Part of the calculus for achieving that clarity, whether made explicit or not, will be economic considerations. A University of Calgary study recently published in the Canadian Medical Association Journal identified “substantial savings” that Canada, whose doctor-assisted euthanasia law closely resembles the Netherlands’, can reap from its annual health budget by killing willing patients rather than caring for them.

End-of-life care can be long and expensive, the report explains, while euthanasia costs just a few dollars per patient.

Here in the U.S., the Supreme Court ruled in 1997 that there is no Constitutional right to assisted suicide, but that states have the power to allow or prohibit it. To date, five states have passed laws permitting the practice.

Despite the power of states here,  issues pertinent to physician-assisted suicide laws can still wend their way to the nation’s highest court.

In 2006, for example, then-Attorney General John Ashcroft tried to halt physician-assisted suicide in Oregon by contending that prescriptions written for that purpose did not meet the Controlled Substances Act’s requirement of serving a “legitimate medical purpose.”

The High Court ruled that Mr. Ashcroft could not block the law that way, but in a dissent to that ruling, the late, lamented Justice Antonin Scalia asserted that the legitimacy of physician-assisted suicide “ultimately rests, not on ‘science’ or ‘medicine,’ but on a naked value judgment.”

In a speech two years earlier about a different subject, Justice Scalia raised the specter of assisted suicide one day being embraced by the Court. After decrying the Court’s discovery in the Constitution of “a variety of liberties” that “were so little rooted in the traditions of the American people that they were criminal for 200 years,” Mr. Scalia added that his colleagues might be prepared to discover a Constitutional right to assisted suicide, too.

“We’re not [yet] ready to announce that right,” he said, sarcastically. “Check back with us.”

Justice Scalia’s death last year made that facetious comment less humorous. Thankfully, though, the man designated by President Donald Trump to assume Mr.
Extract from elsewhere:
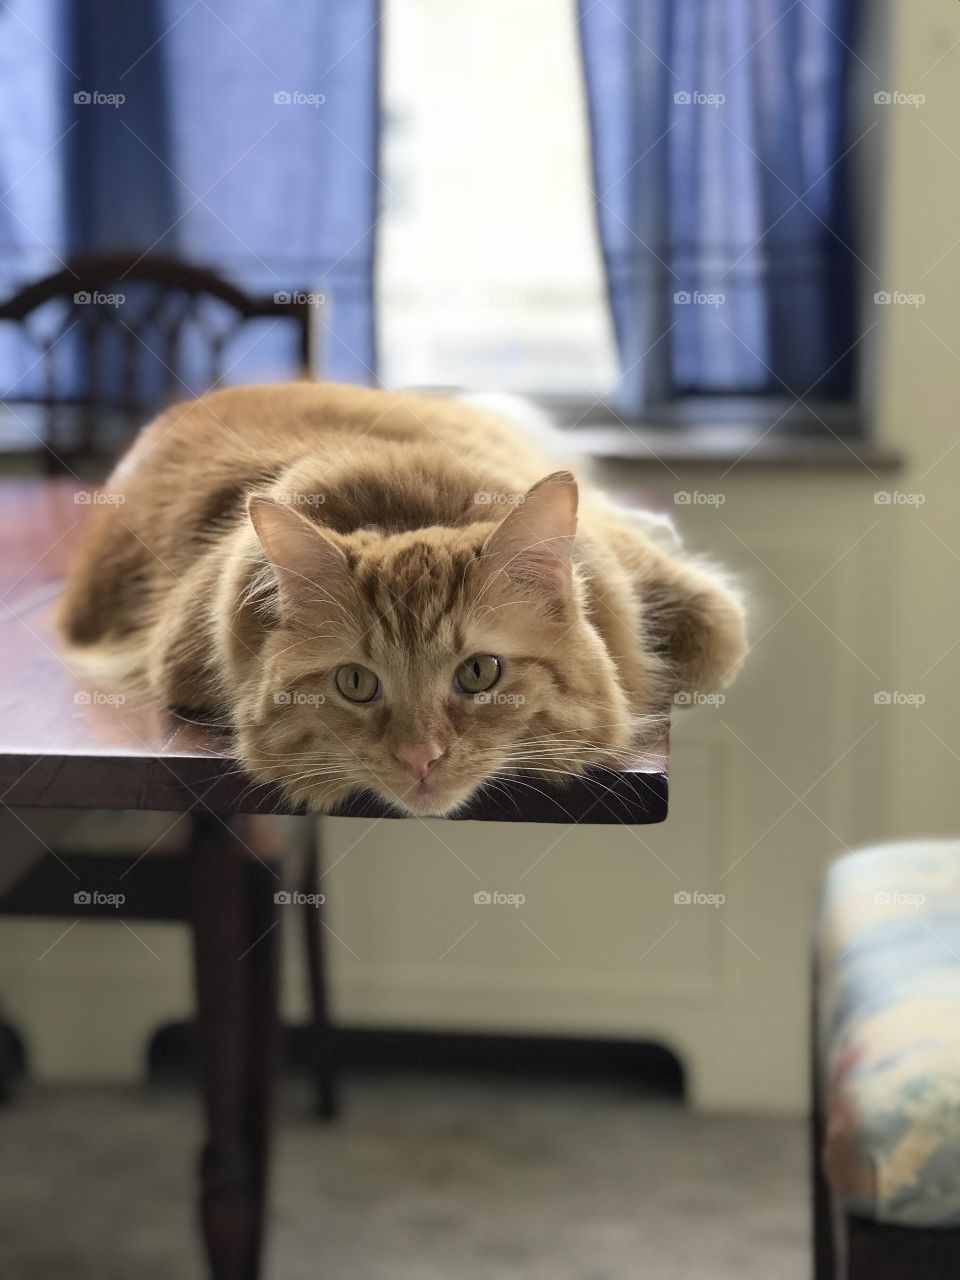 Cute Maine coon cat on a table head down

Scalia’s still-vacant seat, Judge Neil M. Gorsuch, has a clear paper trail on the issue, in the form of his 2006 book “The Future of Assisted Suicide and Euthanasia.”
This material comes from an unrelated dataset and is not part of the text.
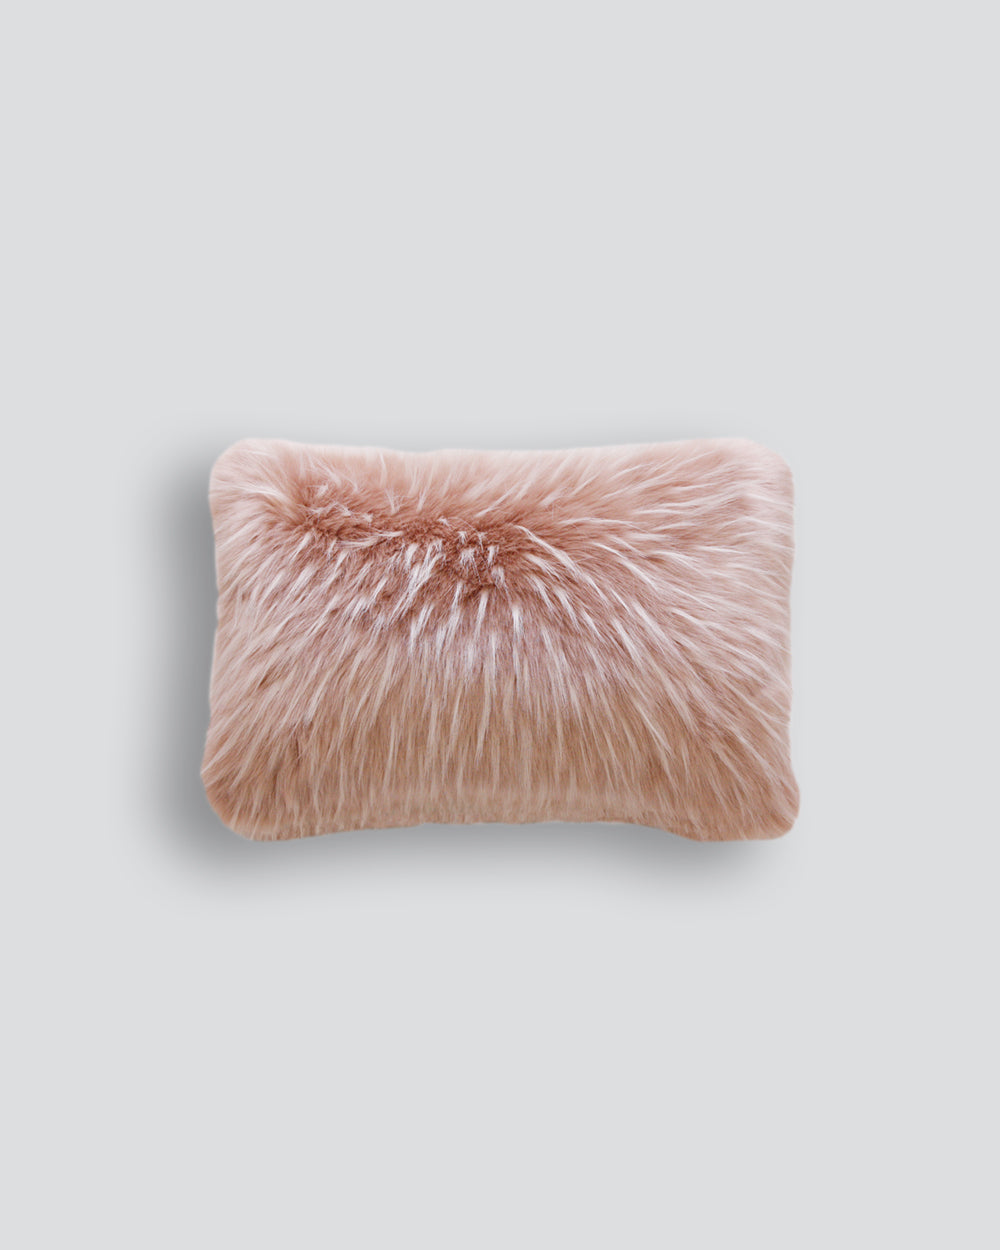 Heirloom Peony Plume Cushions in Faux Fur are available from Make Your House A Home Premium Stockist. Furniture Store Bendigo, Victoria. Australia Wide Delivery. Furtex Baya.

“Human life is fundamentally and inherently valuable,” Mr. Gorsuch wrote, in support of the existing laws in most states barring assisted suicide.

Society’s task, he said, was balancing “the interests of those persons who wish to control the timing of their deaths and those vulnerable individuals whose lives may be taken without their consent due to mistake, abuse or pressure in a regime where assisted suicide is legal.”

In light of cases like the Dutch patient’s, and calculations like those in the University of Calgary study, a perceptive, thoughtful, conscientious mind like Judge Gorsuch’s on the High Court is just what the doctor ordered.